Look…. I think we all know it’s bleak right now. It’s almost unheard of for a team to blow a 3-0 lead. In fact, teams that take a 3-0 lead in a series win 98% of the time. But, as the Capitals’ captain pointed out Sunday after the game:

So far this series, the Caps’ offense has been completely stymied by the shutdown defense of the Islanders (and, of course, by their own screw-ups). If the Caps want any chance of pulling out the reverse sweep, and sending the Isles into meme history, they’re going to have to get some offense going. So, as a fun thought experiment, I wondered what it would look like if the Caps played their line-up in a way to completely abandon the idea of “defense.”

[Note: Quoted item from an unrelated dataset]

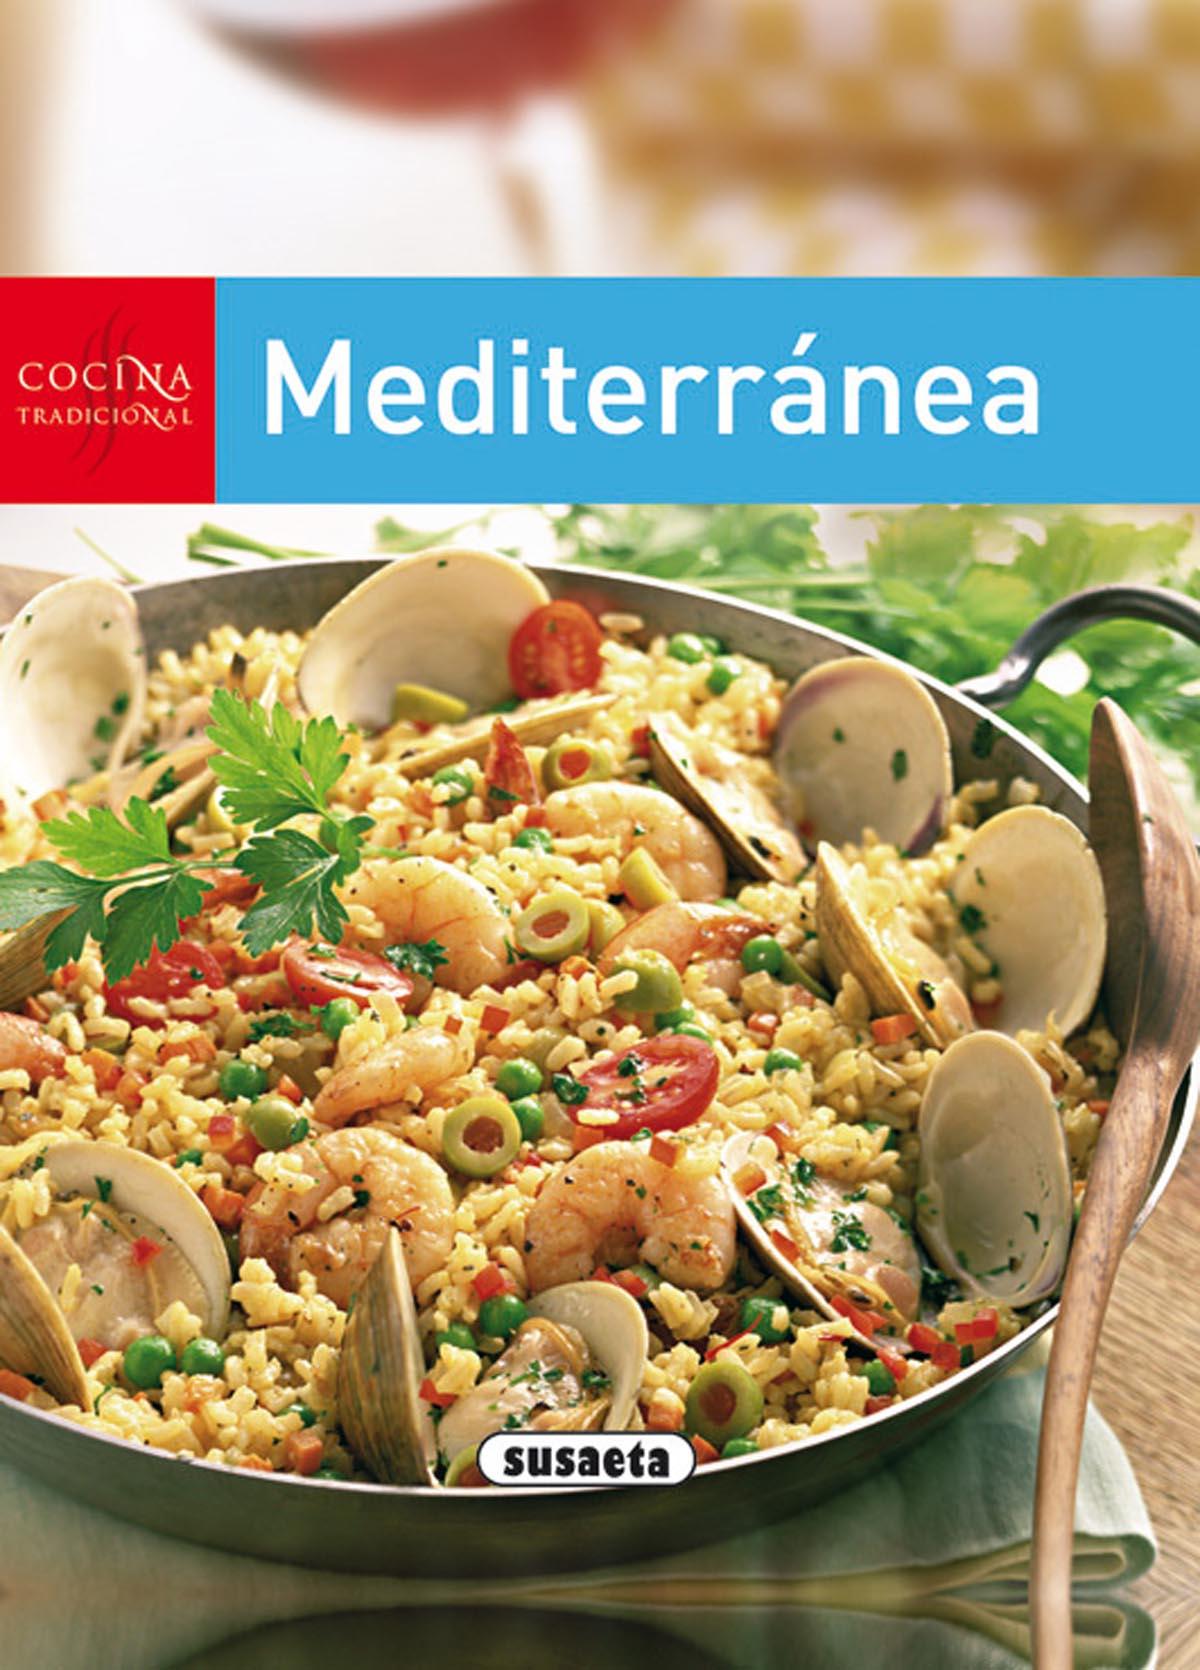 Cocina Mediterranea Tradicional   Mediterranea Cocina Tradicional Vv Aa Comprar Libro 9788430563371

So I did just that. Using tools available from Natural Stat Trick, I went and found the offensive line combinations and defensive pairings that completely maxed out offensive production with absolutely no regard for defense. I highly doubt these will ever materialize, but hey, we’re down 3-0. At this point, everything is on the table. Going forward, xGF will stand for expected Goals For, a statistical approximation of the number of goals they should have scored based on when and where they were able to attempt shots.

Top Six Forwards

(Note that these lines were made with the assumption that Backstrom will still be in concussion protocol).

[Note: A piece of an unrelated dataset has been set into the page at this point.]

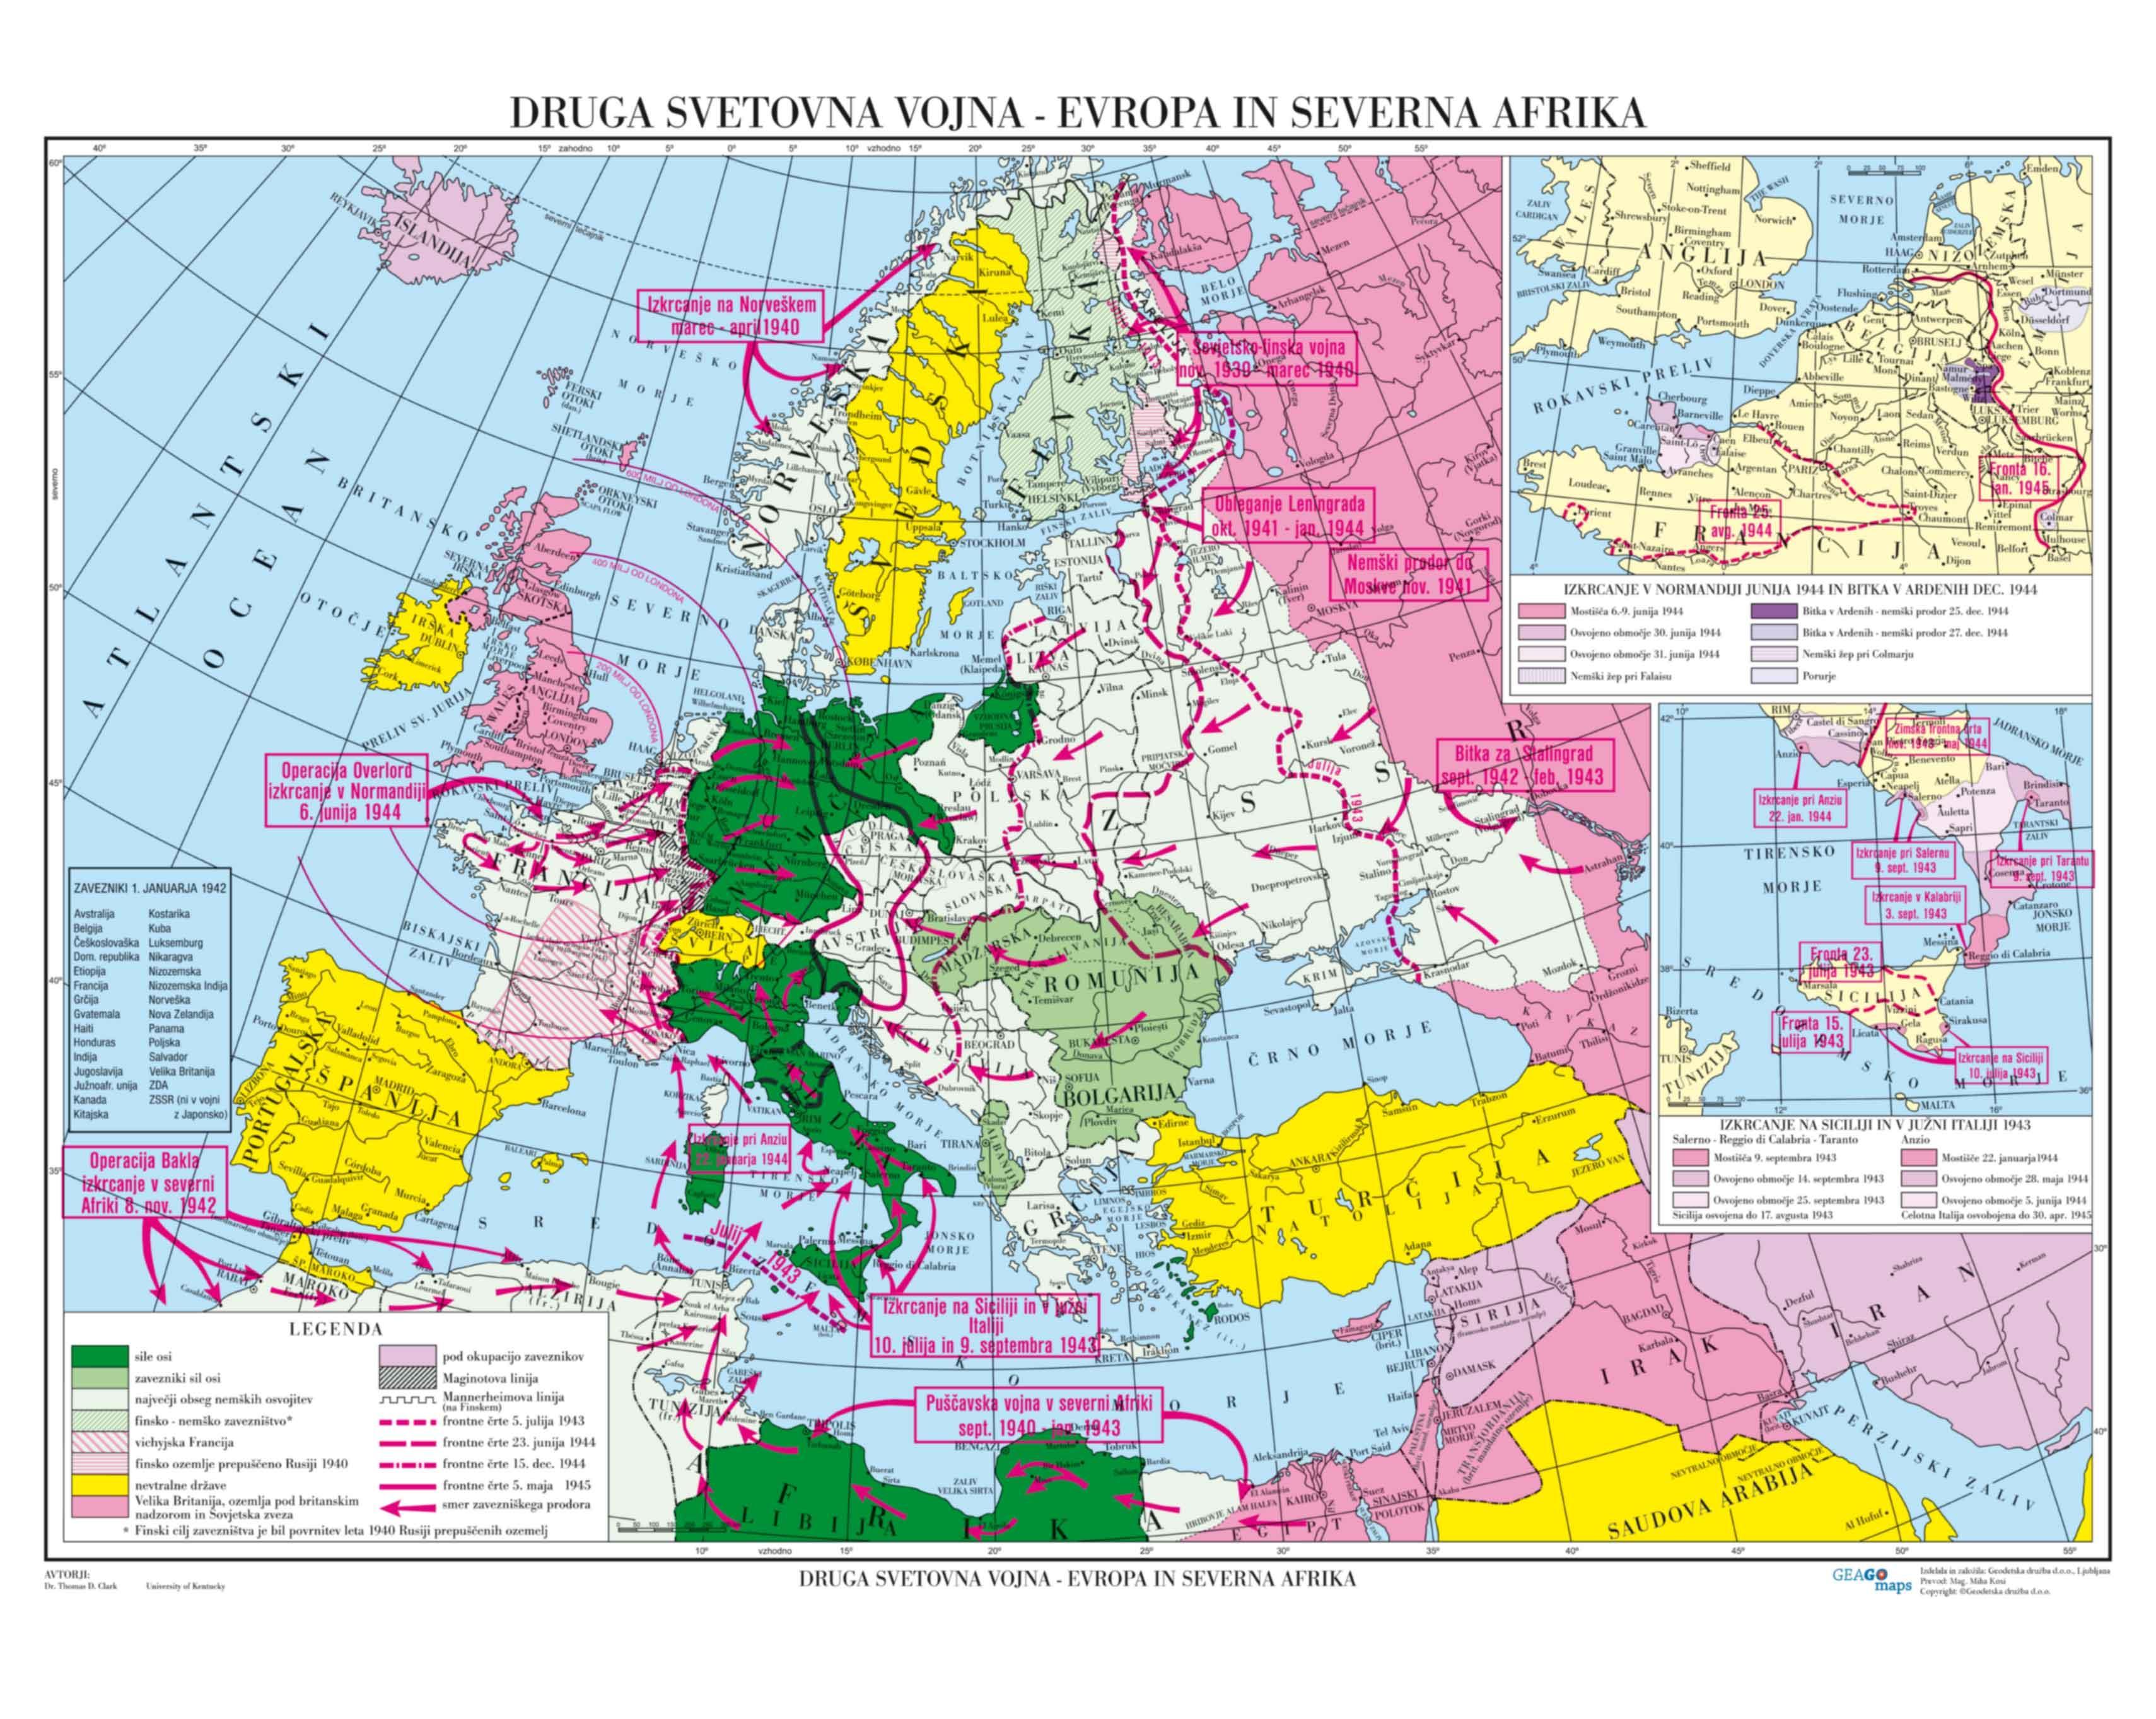 Druga svetovna vojna - Evropa in Severna Afrika

First Line: Ovechkin-Kuznetsov-Kovalchuk (1.87 xGF/60)

This was actually something that both KP and AB have brought up a few times on the post game live streams. In a little over 9 minutes of ice time together this regular season, (and despite the relatively low number of expected goals) this line generated a whopping 6.47 GF/60. Granted, that’s just one actual goal scored, but I think that we all know the crazy amounts of offense that this line could generate if you give them the chance.

Second Line: Vrana-Eller-Wilson (4.58 xGF/60)

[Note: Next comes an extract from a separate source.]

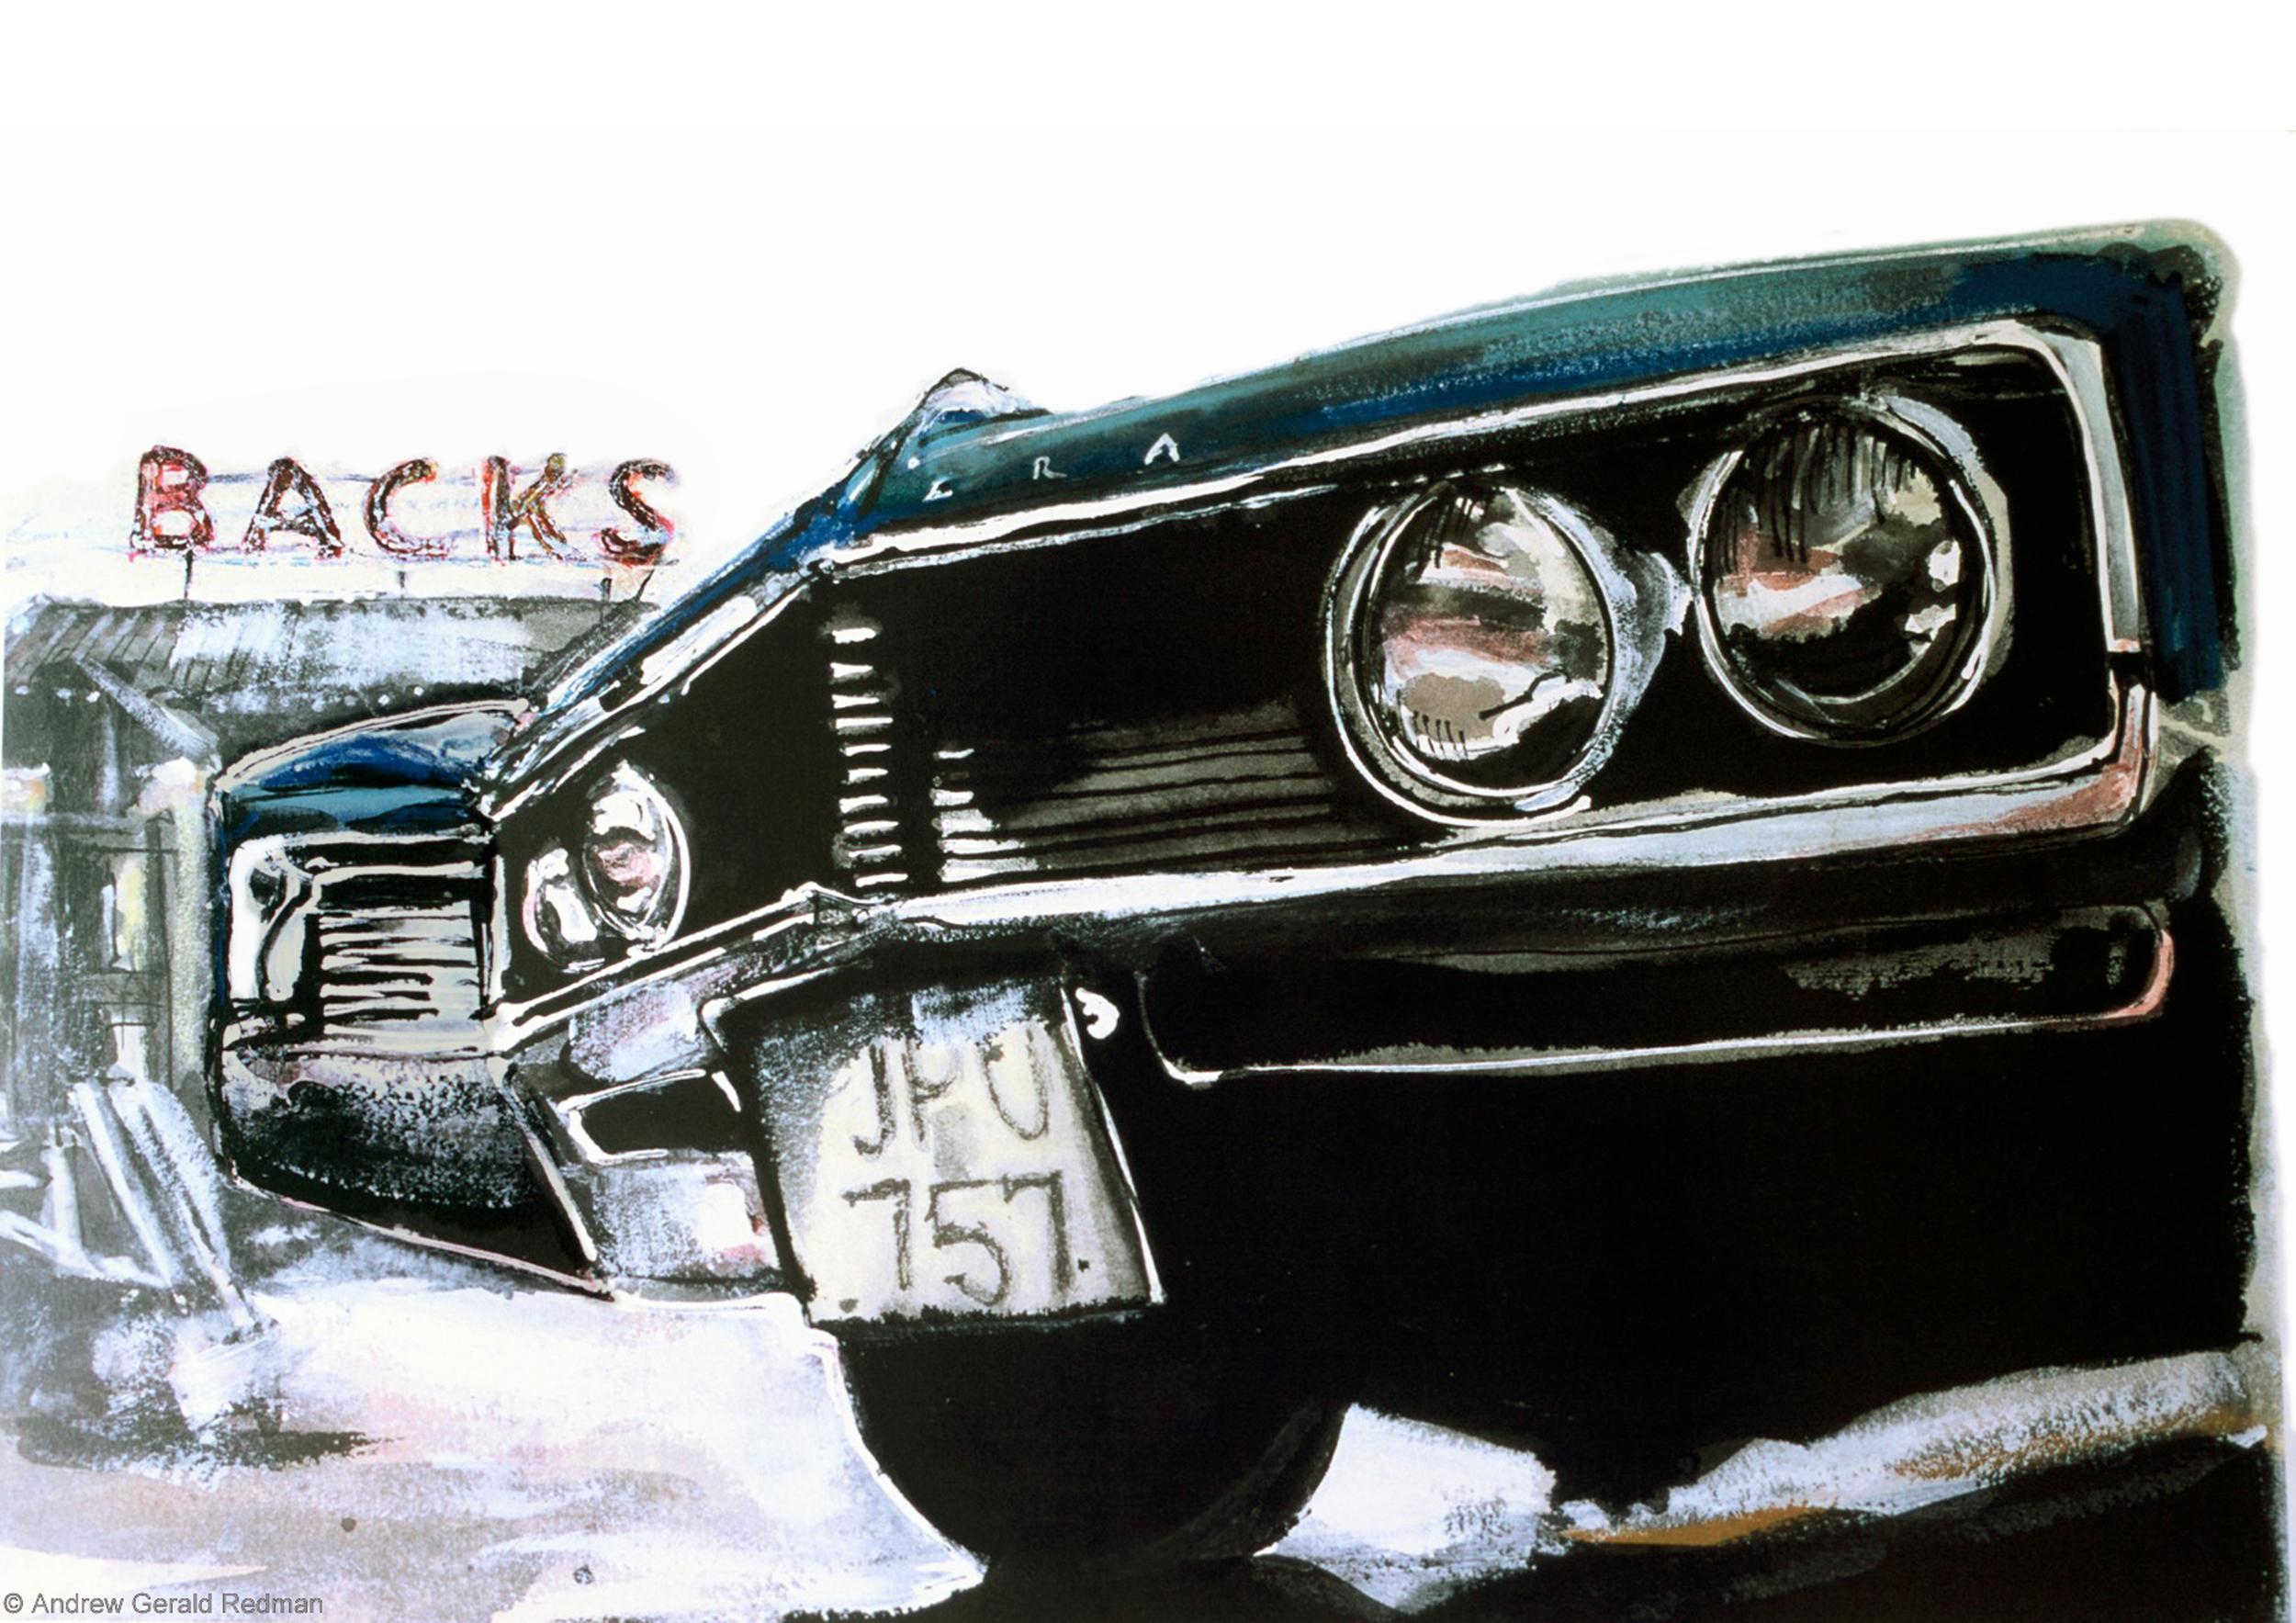 Back's Buick Rättvik

This line had a somewhat larger sample size during the regular season. During 32 minutes of ice time together, these three put up a ton of shot attempts. Granted, they also allowed a bunch but isn’t that the point of this exercise? Not only that, but they were actually able to score on a pretty decent number of these attempts, averaging over 3 GF/60.

Bottom Six Forwards

Third Line: Hagelin-Boyd-Oshie (2.93 xGF/60)

Although the three together had an extraordinarily small sample size (less than a minute of ice time), Hagelin and Oshie have had substantially more time together, in which they put up 2.75 xGF/60. Unfortunately, they weren’t able to actually put any goals in the net together, but with such a small sample size that’s not a huge surprise.

Fourth Line: Panik-Dowd-Hathaway (3.28 xGF/60)

Dowd and Hathaway are solid fourth line guys, and Panik can slide into either half of the bottom six, depending on who you are playing against. In 46 minutes together, these 3 combined for over 5 goals per hour, which is pretty wild.

Defensive Pairings

Top Pair: Orlov-Carlson (3.1 xGF/60).

Not a pairing we saw much of this year, but during the regular season, they were on the ice for a huge number of expected goals. The last time they got more than 6 minutes of 5v5 time together was in a loss to the Golden Knights in February. This one is a bit of throwback to a time before the arrival of Michal Kempny.

Middle Pair: Kempny-Jensen (2.88 xGF/60)

Honestly, seeing these two together as the second best pair for offensive production surprised me, seeing as Jensen isn’t particularly known for heavy offense. But not only did they put up shot attempts, they converted, as they also had a whopping 4.5 GF/60. They also managed to keep the puck out of the net during the limited time they got together too, which although not part of the criteria for this article, is certainly good to see.

Bottom Pair: Siegenthaler-Alexeyev (???? xGF/60)

Okay, I cheated on this one. Technically, the next analytically best D-pair that we’ve actually seen in any actual minutes of was Siegenthaler-Gudas, but Gudas has been so bad in the restart that I decided to sub in Alexeyev, because again why not? We’re down 3-0. Alexeyev had 21 points in Hershey this year, which was second best among defensemen for the bears. So he’s got some offense in him. Why not try it?


Braden Holtby.

No-brainer. He played out of his mind on Sunday. This might be his last time in a Caps uniform. Plus, we know he knows how to shoot, so keeping with the “Selling out for offense” theme, he technically fits the bill more than the other goalies that made the trip.


All put together, here is the most aggressively offensive-minded lineup the Caps could possibly put together Tuesday night to try to get literally anything going:


Do I think this will happen Tuesday? No. Do I think this should happen? Eh. Maybe, but probably not. But I think Todd should at least keep these lines in mind if things really start to go south and we can’t generate any offense in the latter half of the game. Regardless, I think it would be a pretty fun game to watch if they used these lines, even if it turned out to be the last.

At this point, I just want to watch a little more hockey. So let’s hope that the Caps go 1-0 on Tuesday, and we get to watch them play at least two more times.